(Data listing):
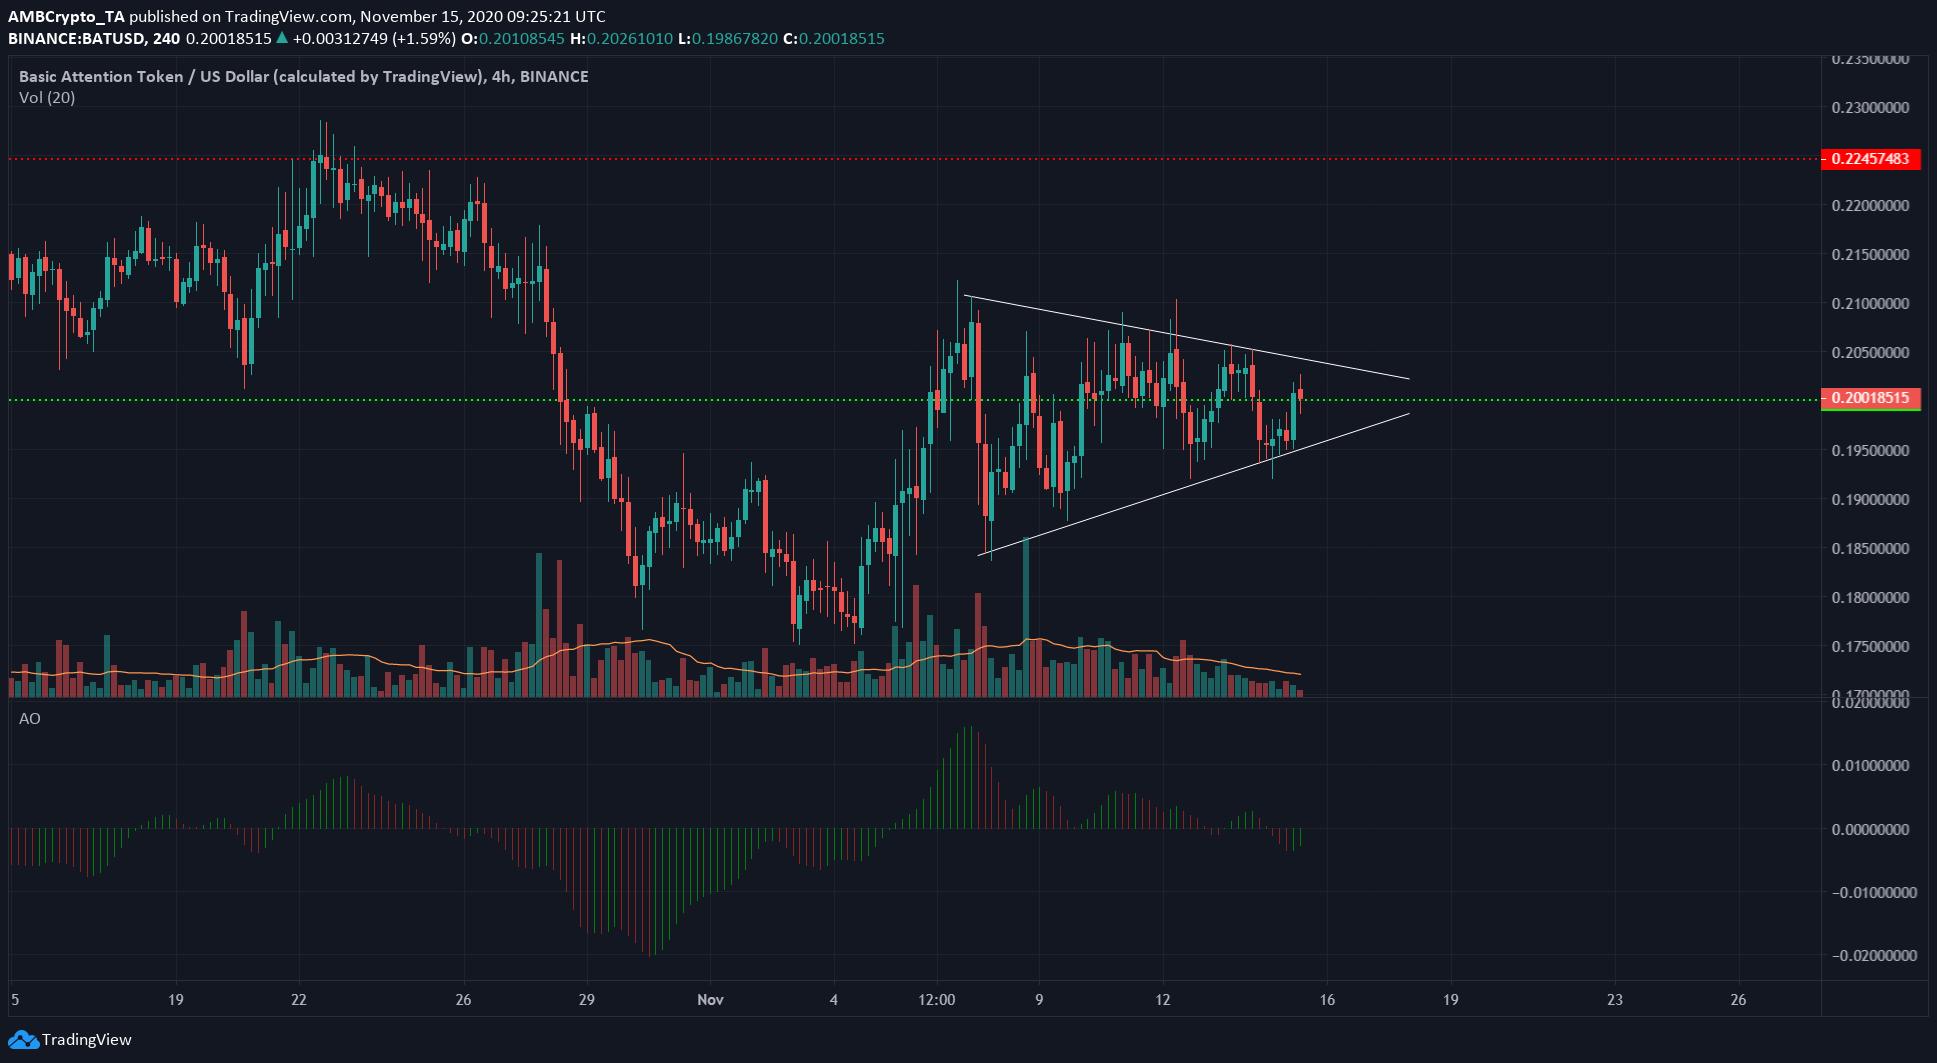 Monero, BAT, Crypto.com Coin Price Analysis: 15 November
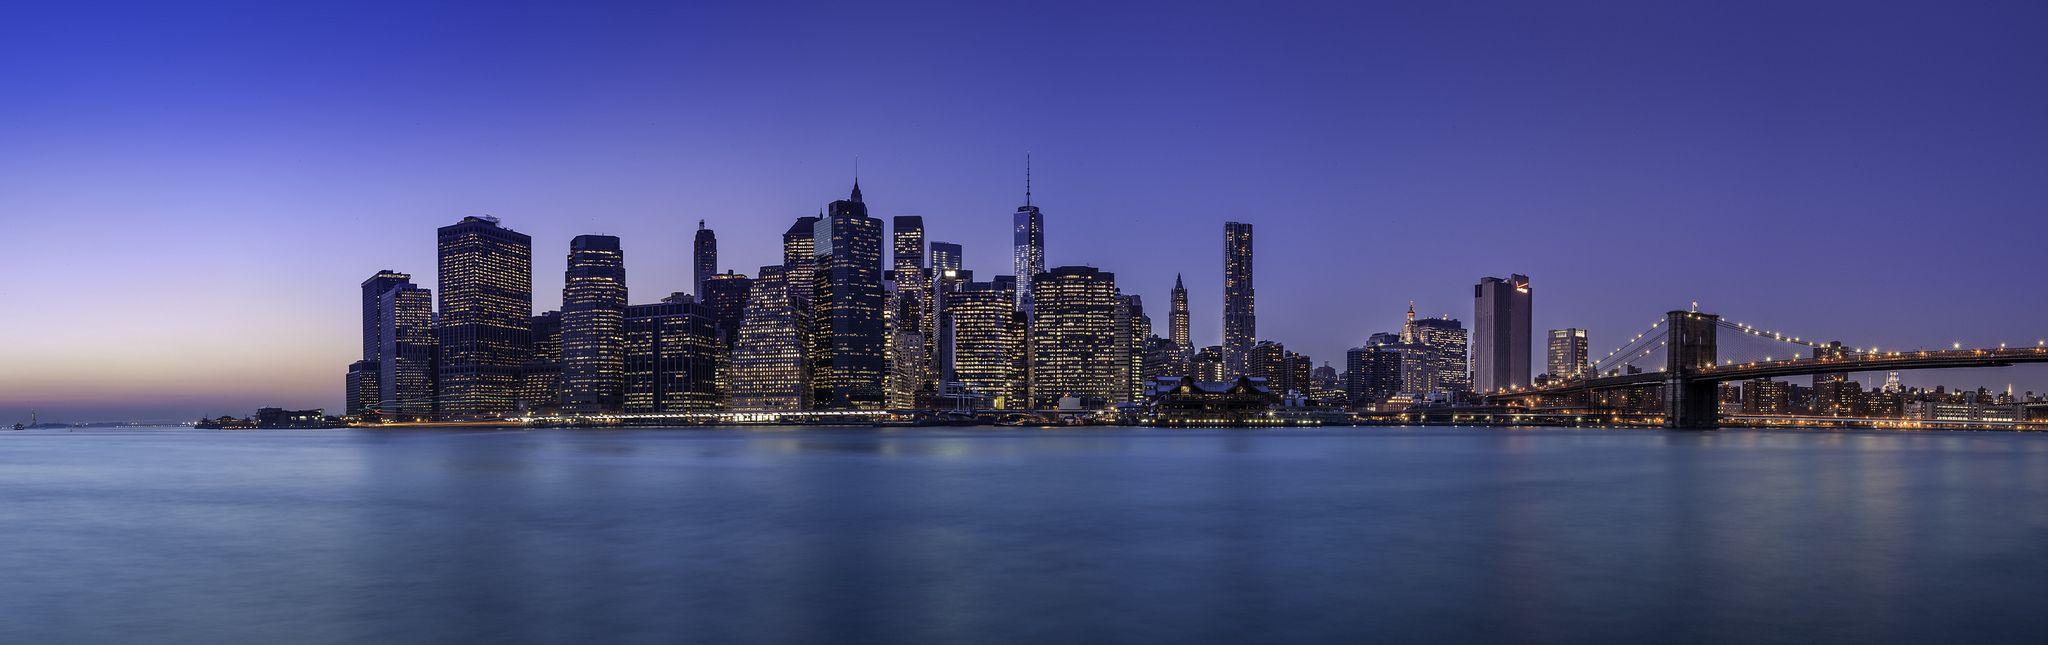 New York Panorama Pix - Page 56 - SkyscraperCity
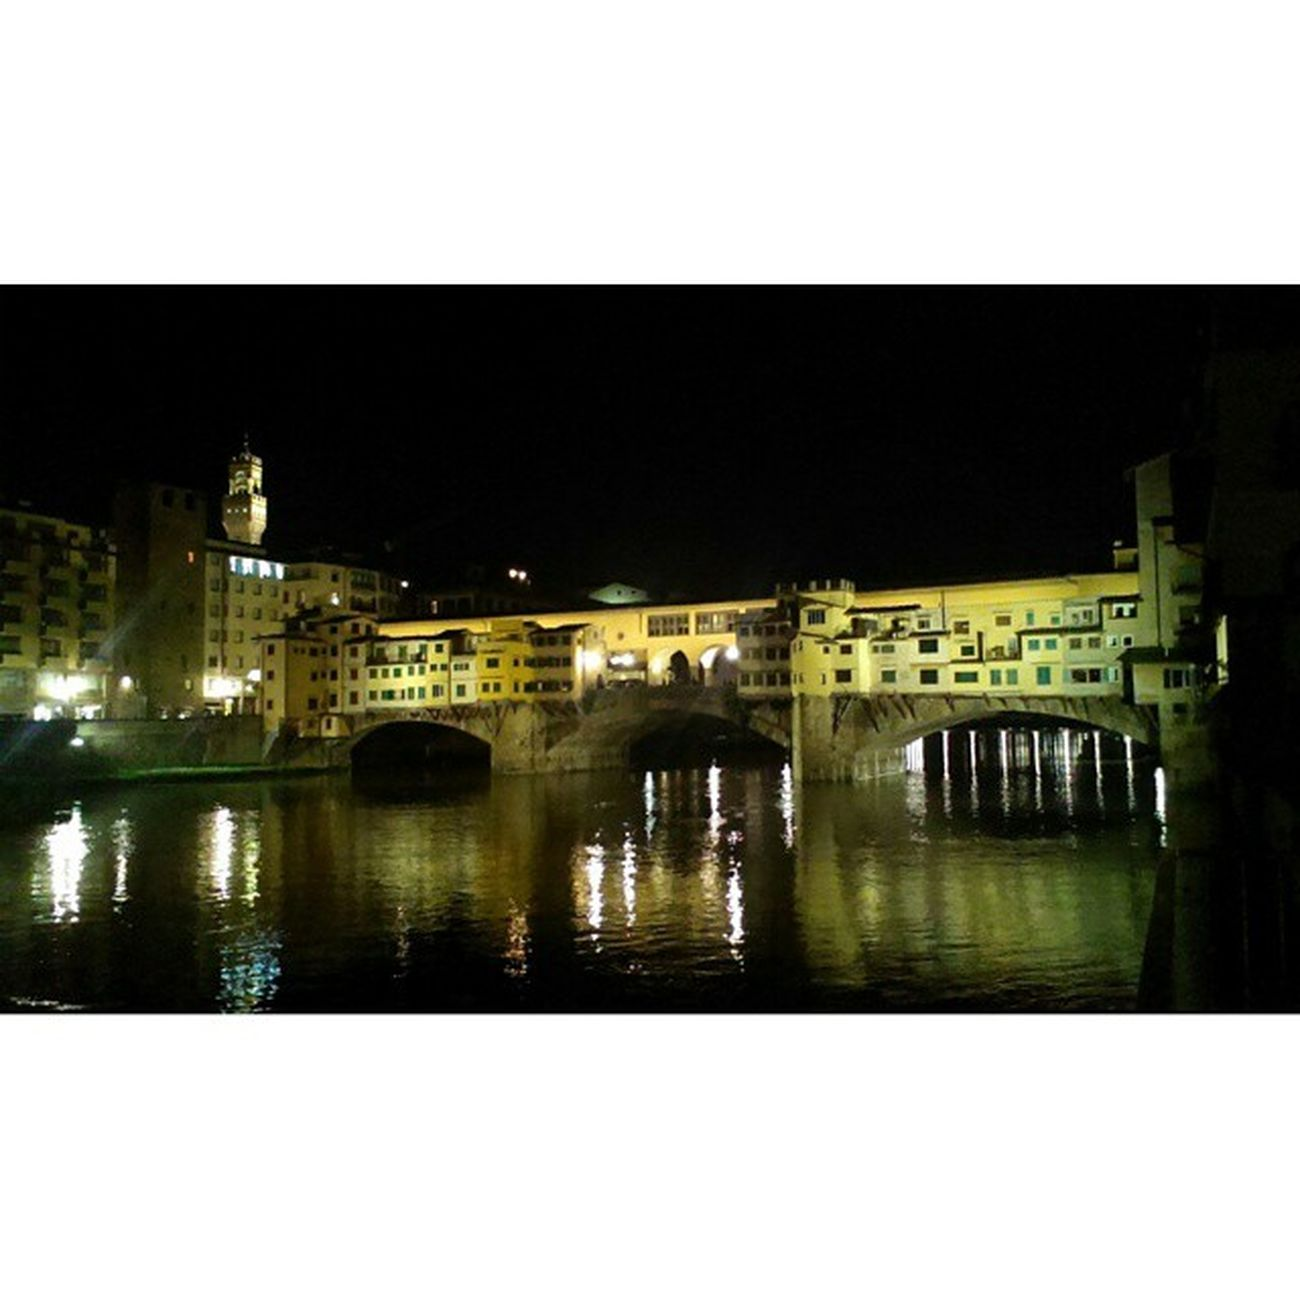 Firenze Pontevecchio Fiumearno Igersfirenze arno toscana tuscany torrediarnolfo palazzovecchio architettura architecture vscotuscanyvsco vscocam art arte rinascimento
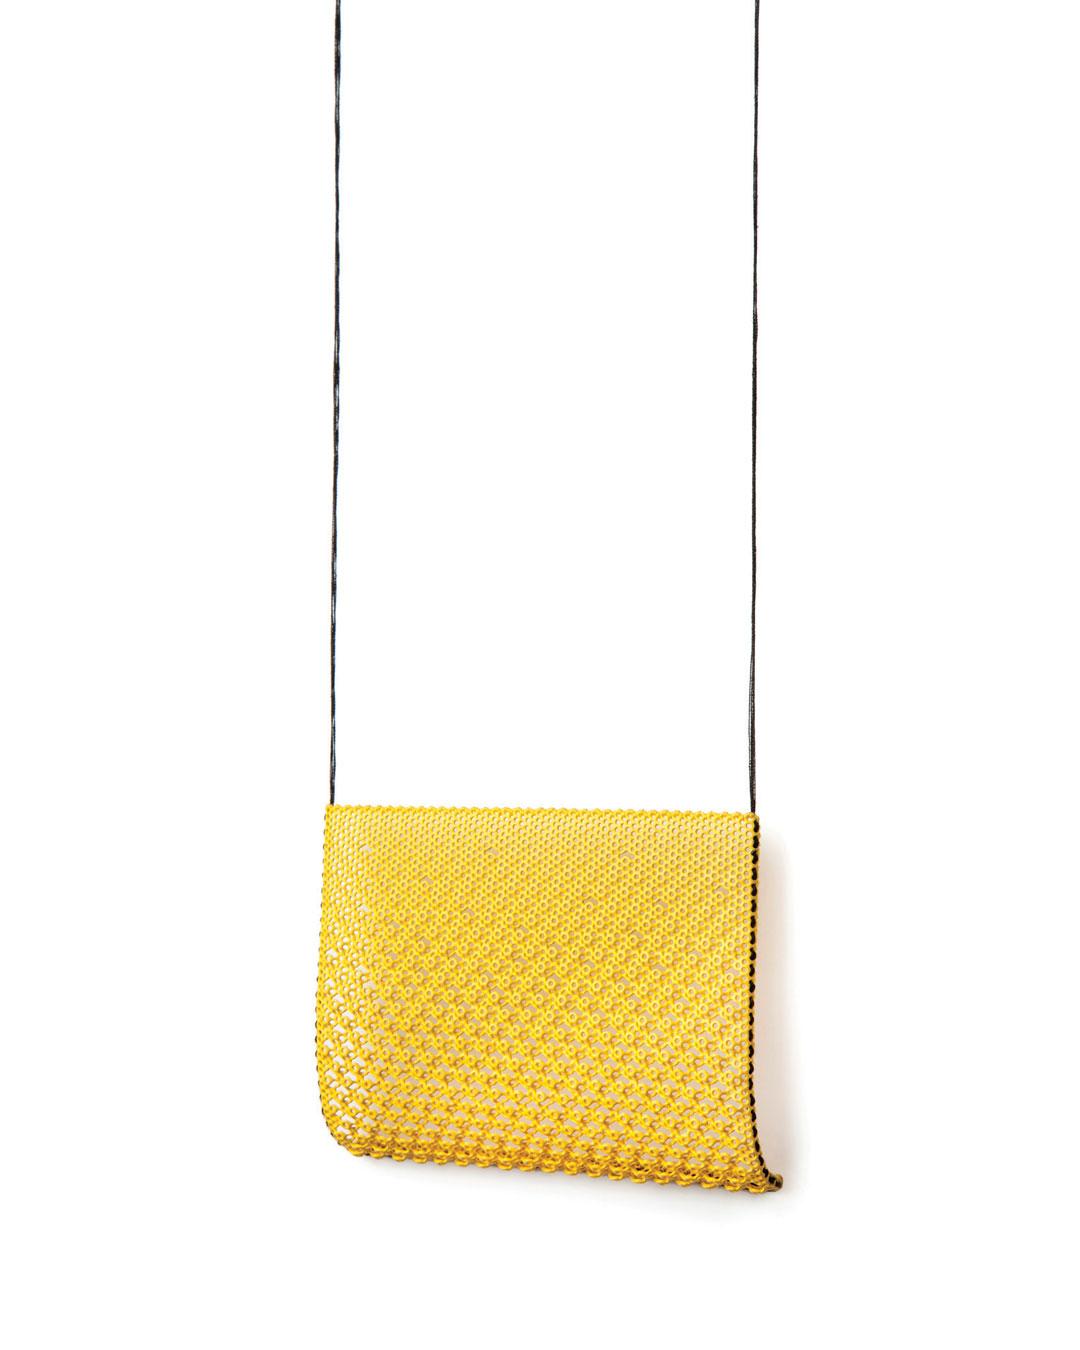 Dana Hakim, untitled, 2016, necklace; iron net, threads, paint, 275 x 100 x 15 mm, €3390
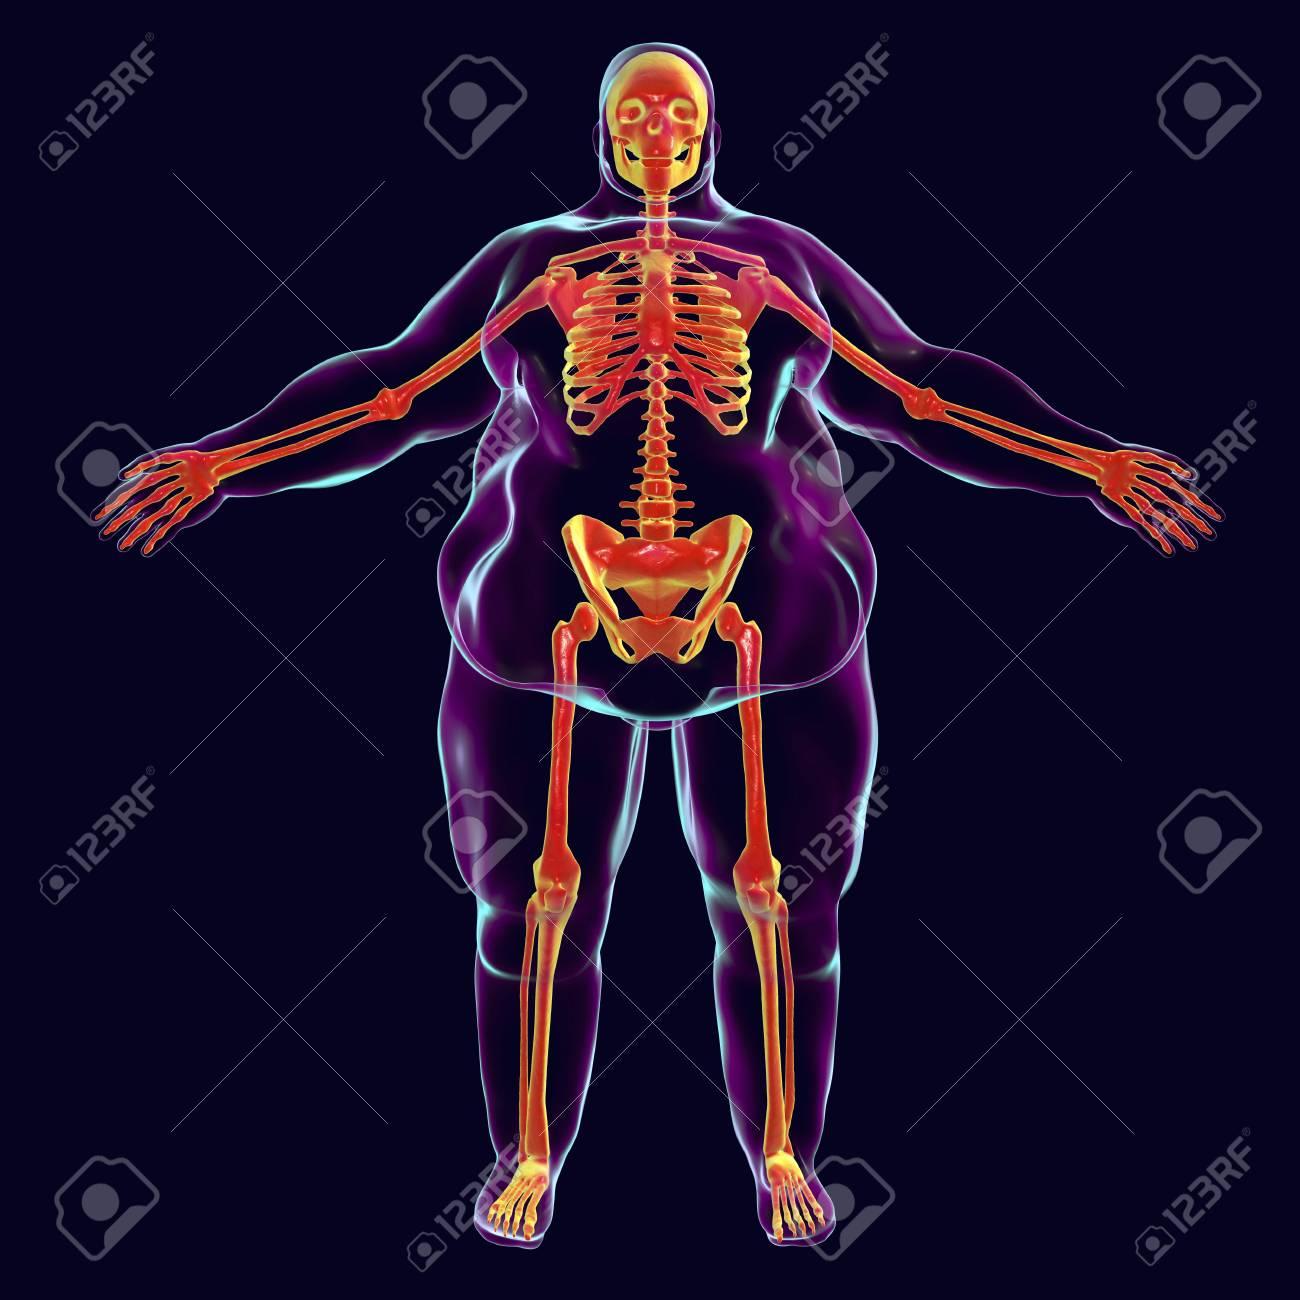 Korpulenzproblem-Begriffsbild, Illustration 3D, Die Normales Skelett ...

(What the task asks): Print out all the material above exactly as it appears, omitting the images.

(Written response):
 Monero, BAT, Crypto.com Coin Price Analysis: 15 November
 New York Panorama Pix - Page 56 - SkyscraperCity
 Firenze Pontevecchio Fiumearno Igersfirenze arno toscana tuscany torrediarnolfo palazzovecchio architettura architecture vscotuscanyvsco vscocam art arte rinascimento
 Dana Hakim, untitled, 2016, necklace; iron net, threads, paint, 275 x 100 x 15 mm, €3390
 Korpulenzproblem-Begriffsbild, Illustration 3D, Die Normales Skelett ...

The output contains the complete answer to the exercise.